IIRC, replaying WAL generated in a 1h benchmark run took 6 hours.

It sounds unbelievable at first, but the problem is that our WAL replay
doesn't scale. On the primary server, you can have (and they did) a huge
RAID array with dozens of disks, and a lot of concurrent activity
keeping it busy. On the standby, we do all the same work, but with a
single process. Every time we need to read in a page to modify it, we
block. No matter how many disks you have in the array, it won't help,
because we only issue one I/O request at a time.

That said, I think the change we made in Spring to not read in pages for
full page writes will help a lot with that. It would be nice to see some
new benchmark results to measure that. However, it didn't fix the
underlying scalability problem.

One KISS approach would be to just do full page writes more often. It
would obviously bloat the WAL, but it would make the replay faster.
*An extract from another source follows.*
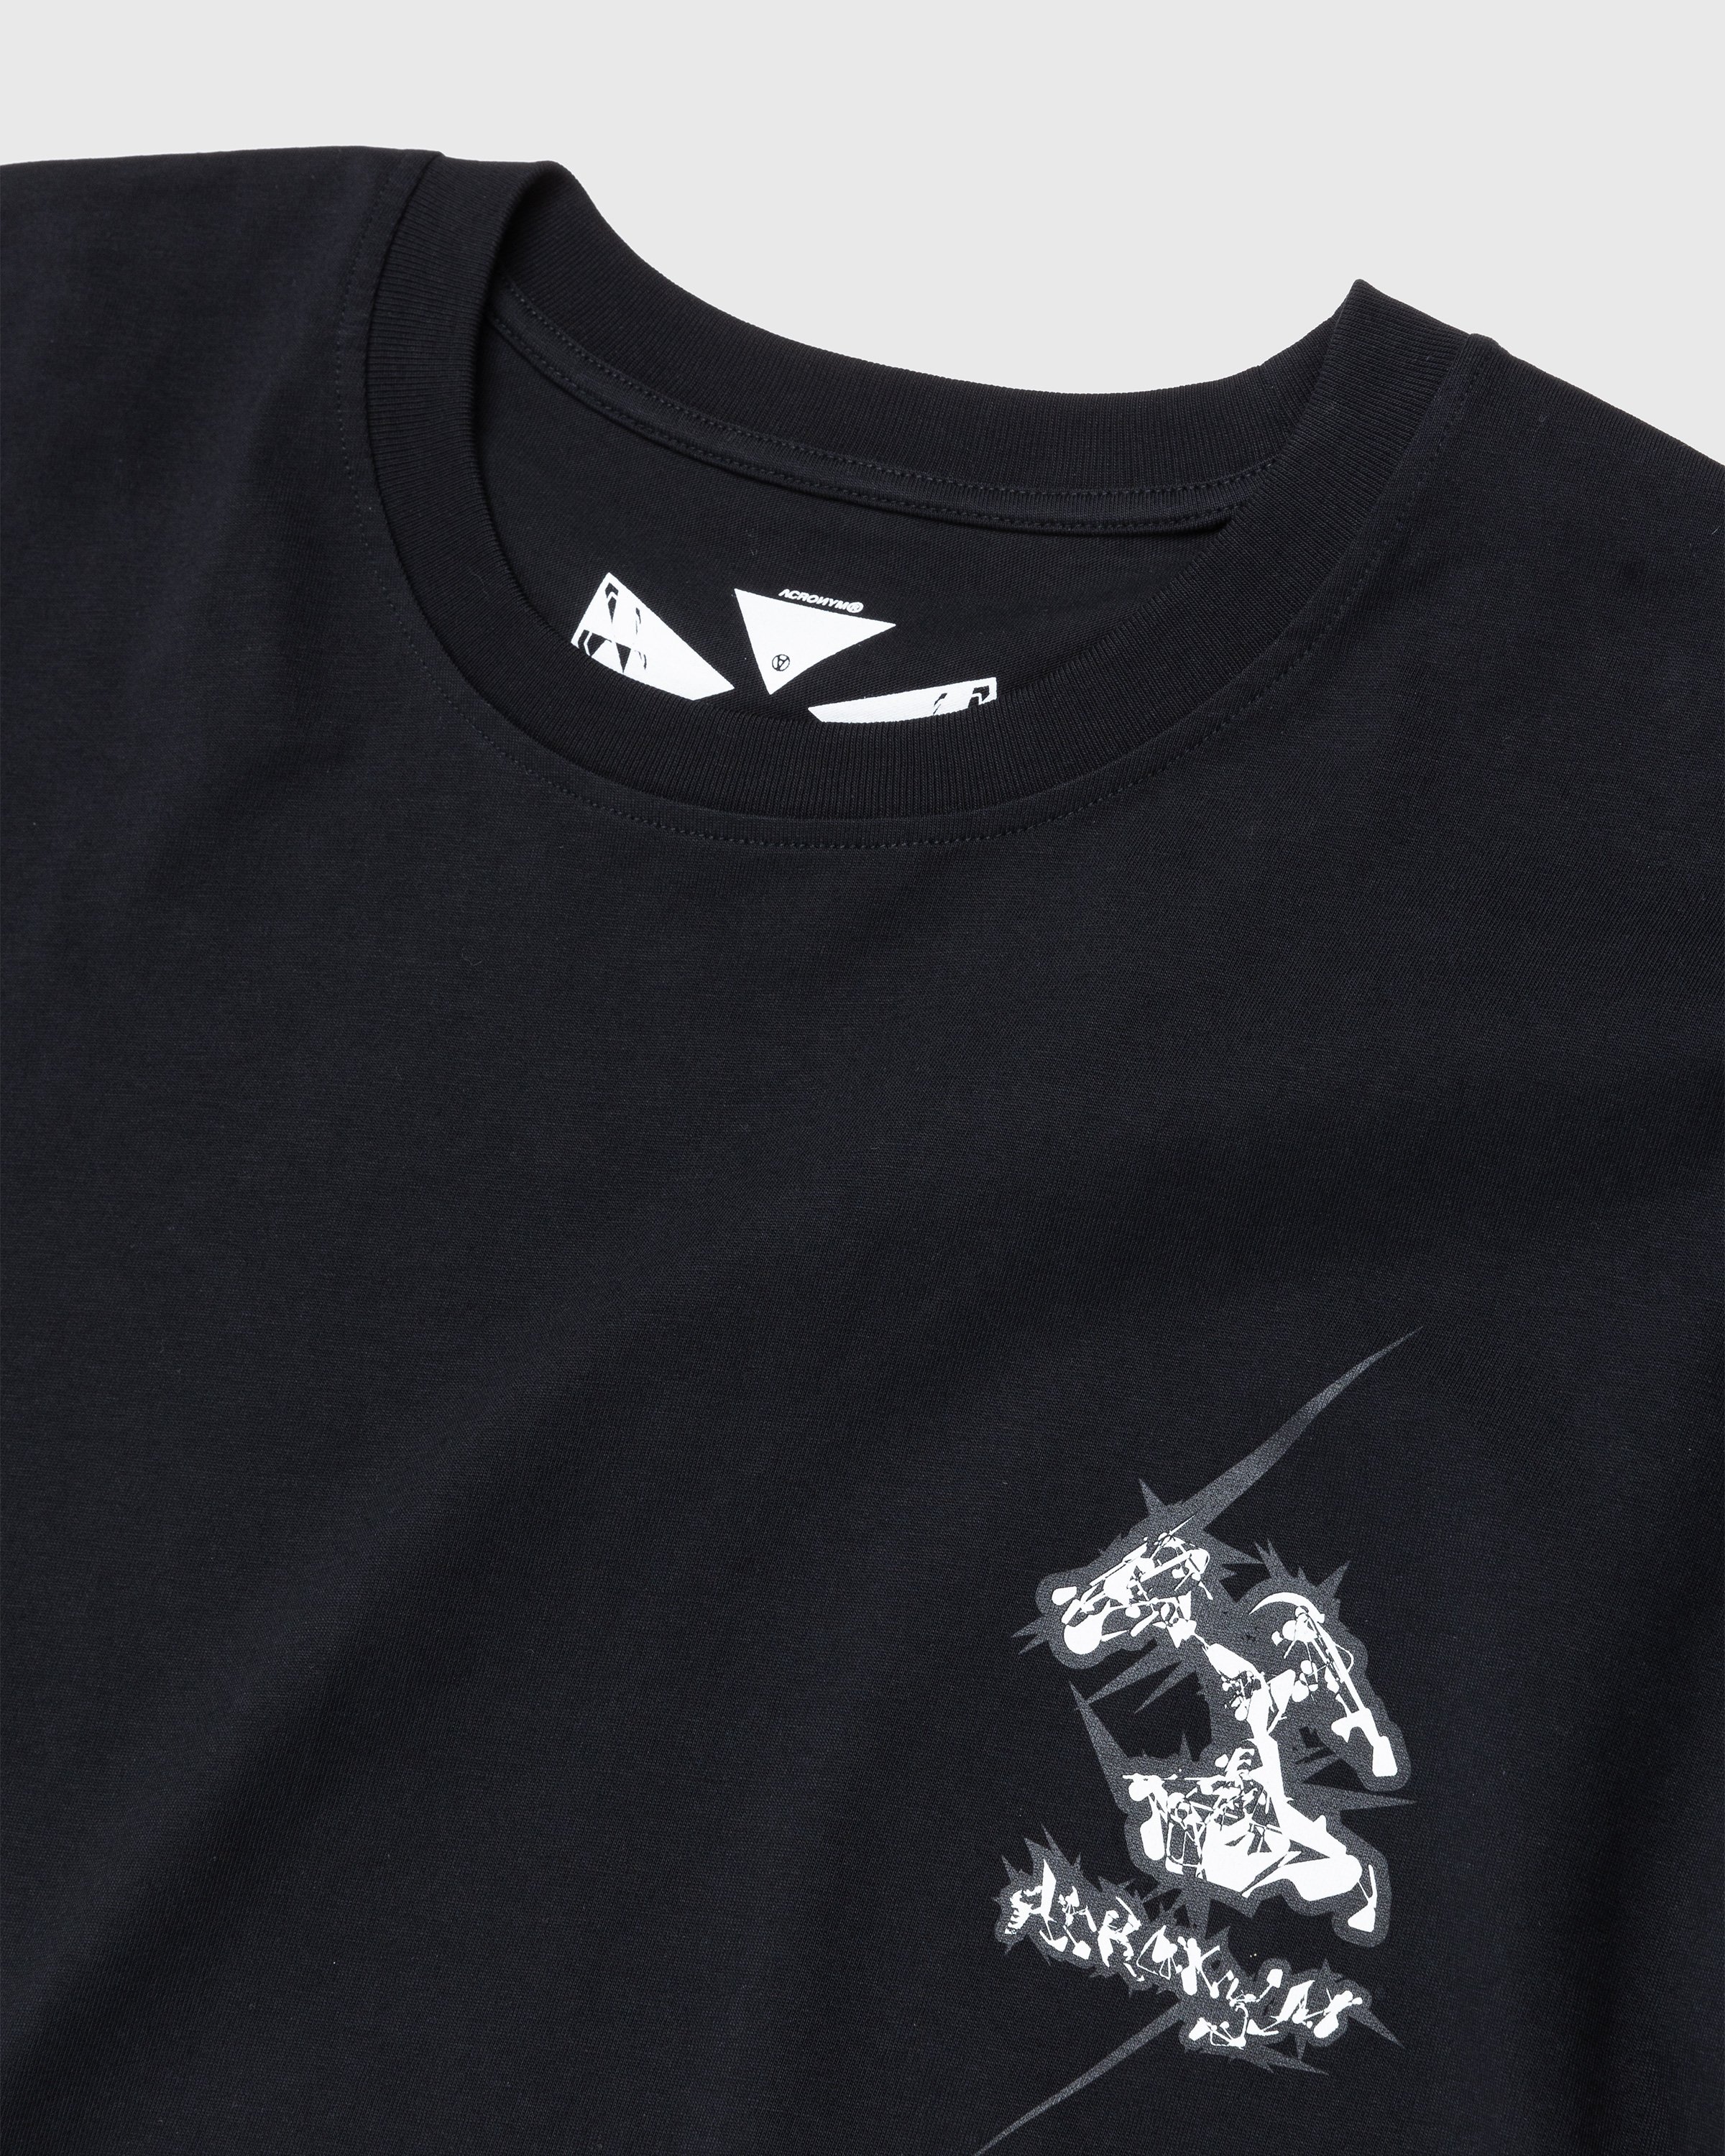 ACRONYM - S29-PR-A Organic Cotton Longsleeve T-Shirt Black - Clothing - Black - Image 3

Another reason you would care about fast recovery is PITR. If you do
base backups only once a week, for example, when you need to recover
using the archive, you might have to replay a weeks worth of WAL in the
worst case. You don't want to wait a week for the replay to finish.

--
Heikki Linnakangas
EnterpriseDB http://www.enterprisedb.com

#48Tom Lane
tgl@sss.pgh.pa.us
In reply to: Heikki Linnakangas (#47)
Re: [GENERAL] Slow PITR restore

Heikki Linnakangas <heikki@enterprisedb.com> writes:

Koichi showed me & Simon graphs of DBT-2 runs in their test lab back in
May. They had setup two identical systems, one running the benchmark,
and another one as a warm stand-by. The stand-by couldn't keep up; it
couldn't replay the WAL as quickly as the primary server produced it.
IIRC, replaying WAL generated in a 1h benchmark run took 6 hours.

[ shrug... ] This is not consistent with my experience. I can't help
suspecting misconfiguration; perhaps shared_buffers much smaller on the
backup, for example.

One KISS approach would be to just do full page writes more often. It
would obviously bloat the WAL, but it would make the replay faster.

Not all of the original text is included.